Here’s what we consistently observe:

• Request path (through gateway): /shopify/ui_api/snapshots/list
X-GW-Upstream-Header-Time: 3.4 – 5.1 s
X-GW-Request-Time: same range
Server-Timing (API): rows_load ≈ 2 ms, render ≈ 0.2 ms, dep ≈ 0 ms

• Request path (through gateway): /shopify/ui_api/snapshots/detail
X-GW-Upstream-Header-Time: 4.7 – 5.2 s
X-GW-Request-Time: same range
Server-Timing (API): rows_load ≈ 3 ms, render ≈ 0.1 ms, dep ≈ 0 ms

• Same requests sent directly to https://shopify-trend-api.fly.dev
→ total time < 10 ms

So the delay is only visible when the gateway forwards the request to the API within FRA.
Both apps are in the same region and warm (stop_delay = 1800, min_machines_running = 1).
It looks like the gateway spends several seconds waiting for the first byte from the upstream.

Happy to share the full response headers or run a controlled test if that helps.

Do you have a test request I could use against your endpoint that will actually hit application logic? Hitting those paths with a simple GET doesn’t yield significant latency either as it seems.

(Also, if this contains information you can’t share on a public forum – feel free to share it over email at peter at fly dot io as well)

Thanks, Peter — I’ve just sent you the test details and endpoint URL via email.
Appreciate your help looking into this!

It seems like I’m only able to reproduce the latency very occasionally – is that the same case for you? Basically in the last 30 minutes or so I have only been able to observe high latency once or twice when accessing the test endpoint you sent but replacing the domain with the one for gateway.

This smells like some kind of DNS problem but since you also indicated that TCP connect doesn’t seem to be slow, I’m really not sure what’s going on here. Requesting the test endpoint directly from the physical host running the gateway machine is also fast, plus that accessing the root URL seems quick always, I don’t really think this is a networking issue.

Hi Peter,

thanks a lot for your quick and detailed investigation — that really helped us narrow things down.

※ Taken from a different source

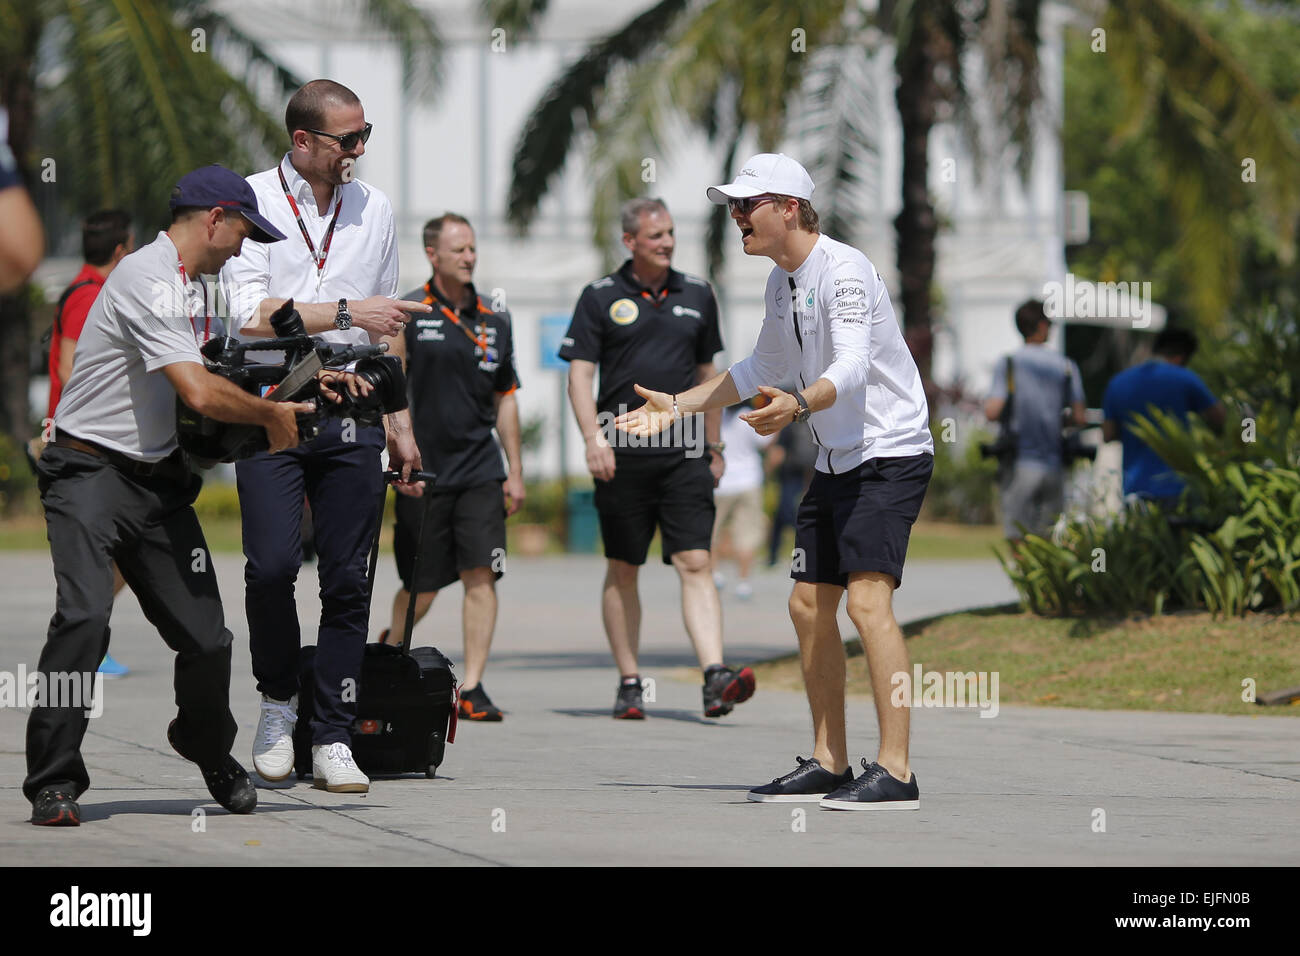 Sepang, en Malaisie. Mar 26, 2015. L'Allemagne de Nico Rosberg et Mercedes AMG Petronas F1 Team est vu dans le paddock durant les préparatifs de l'année 2015, Grand Prix de Malaisie de Formule 1 à Sepang International Circuit à Sepang, Malaisie. Credit : James/Gasperotti ZUMA Wire/Alamy Live News Banque D'Images
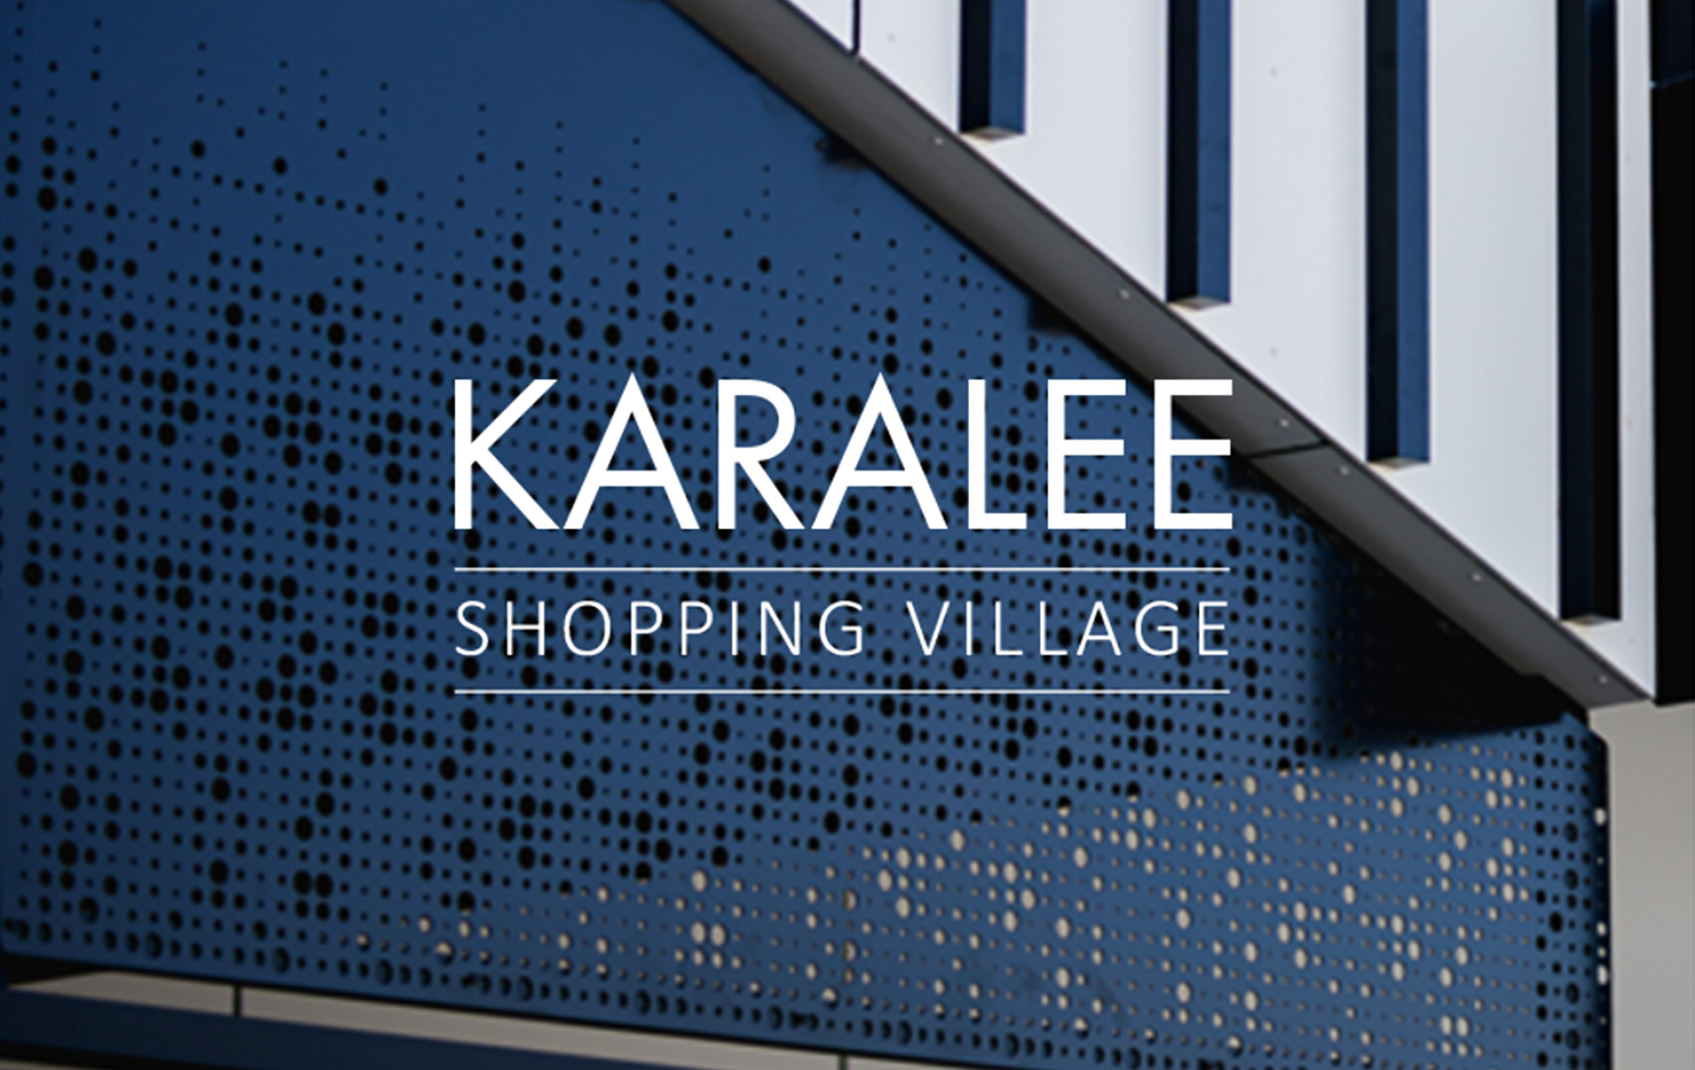 Karalee Shopping Village

After reviewing the data again, it seems you’re right: the latency doesn’t appear to be consistent, and under some conditions it disappears entirely. That makes us think we may need to take a closer look at our own application path — especially around database connection pooling or potential blocking I/O inside the FastAPI app.

Your observations (that the gateway-to-API path itself looks fine most of the time, and that direct host requests respond instantly) were extremely helpful in steering us in the right direction. We’ll continue testing on our side and circle back if we find something reproducible that still points to the Fly infrastructure layer.

Thanks again for the quick turnaround and the friendly, uncomplicated help — really appreciate it!

Best regards,
Lars

1 Like

This topic was automatically closed 7 days after the last reply. New replies are no longer allowed.